To maintain its dominance in AI, the United States has tightened export controls and restricted collaboration with China. In January 2025, the Bureau of Industry and Security (BIS) introduced the Framework for Artificial Intelligence Diffusion, limiting China’s access to advanced U.S. AI technologies, including high-end chips, model weights, and cloud computing. However, this approach ignores the potential benefits of cooperation. Both nations have unique strengths, and collaboration could drive innovation in research, security, and global AI standards, ultimately benefiting the broader AI ecosystem.
On the one hand, there is a significant two-way flow of talent in the field of artificial intelligence between China and the U.S., with a high degree of cross-border integration in AI research. Bedoor AlShebli and others, by analyzing datasets of over 350,000 AI scientists and 5,000,000 AI papers, found that most AI scientists migrating to China come from the U.S., while most migrating to the U.S. come from China, highlighting the obvious two-way flow of talent. Additionally, although there is a declining trend, AI research papers resulting from China-U.S. collaboration still significantly outperform papers resulting from U.S. collaboration with other countries. According to a database created by Georgetown University, the number of China-U.S. co-authored articles reached 47,715, significantly higher than the second-largest collaborator, the United Kingdom, with 18,400. Studies have also shown that research papers involving collaboration between the U.S. and China tend to have greater impact than those led by a single country alone.
However, the U.S. government has taken steps to limit the exchange of talent and collaboration between the two countries, particularly in fields like AI. A recent bill called the Stop CCP VISAs Act has been proposed, which aims to exclude Chinese students from participating in U.S. academic projects. Such measures risk damaging the collaborative environment between the U.S. and China across various fields of research and innovation.
On the other hand, there is significant potential for cooperation between Chinese and U.S. AI companies, particularly in areas such as security, governance, and international technology standards. As China’s large AI models rapidly advance, they are increasingly narrowing the gap with those led by U.S. companies. For example, Baidu’s recent release of Ernie 4.5 has demonstrated impressive multimodal understanding and language processing capabilities, while Tencent’s open-source Hunyuan 3D-2.0, launched on March 18, enables the transformation of text and images into 3D models, marking a notable advancement in AI-generated content (AIGC).

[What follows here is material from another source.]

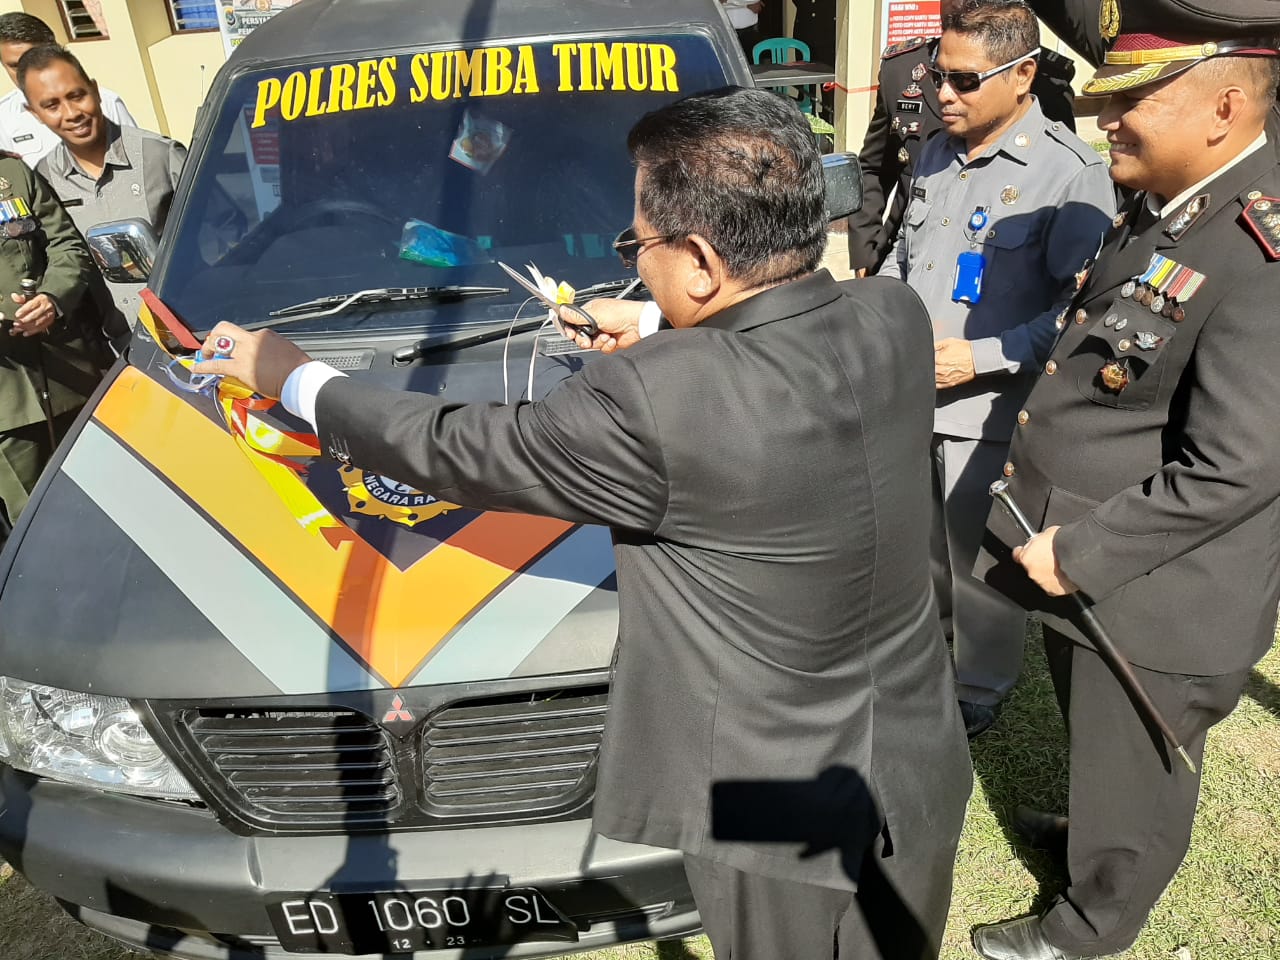 Mobil SKCK Keliling Polres Sumba Timur Siap Jangkau Seluruh Kecamatan di Kabupaten Sumba Timur

Moreover, the ongoing collaboration between Chinese and U.S. AI companies highlights the potential for technological synergy. Recently, Apple partnered with Alibaba to develop advanced AI features, while Ford is exploring the integration of AI models into automotive design, including models from OpenAI, Anthropic, and China’s DeepSeek. These AI models assist in automating tasks such as creating 3D models from sketches and conducting stress analyses on vehicle components, significantly reducing simulation and testing times.
In conclusion, while the AI rivalry between China and the U.S. is often framed as a competition for global dominance, it is, in fact, a multi-dimensional and collaborative challenge. Both nations are driving forward technological innovation in AI, and rather than simply competing, they have numerous opportunities to collaborate. By focusing on shared goals in AI safety, governance, and innovation, the United States and China can not only advance their own technological agendas but also contribute to shaping a responsible and innovative global AI landscape.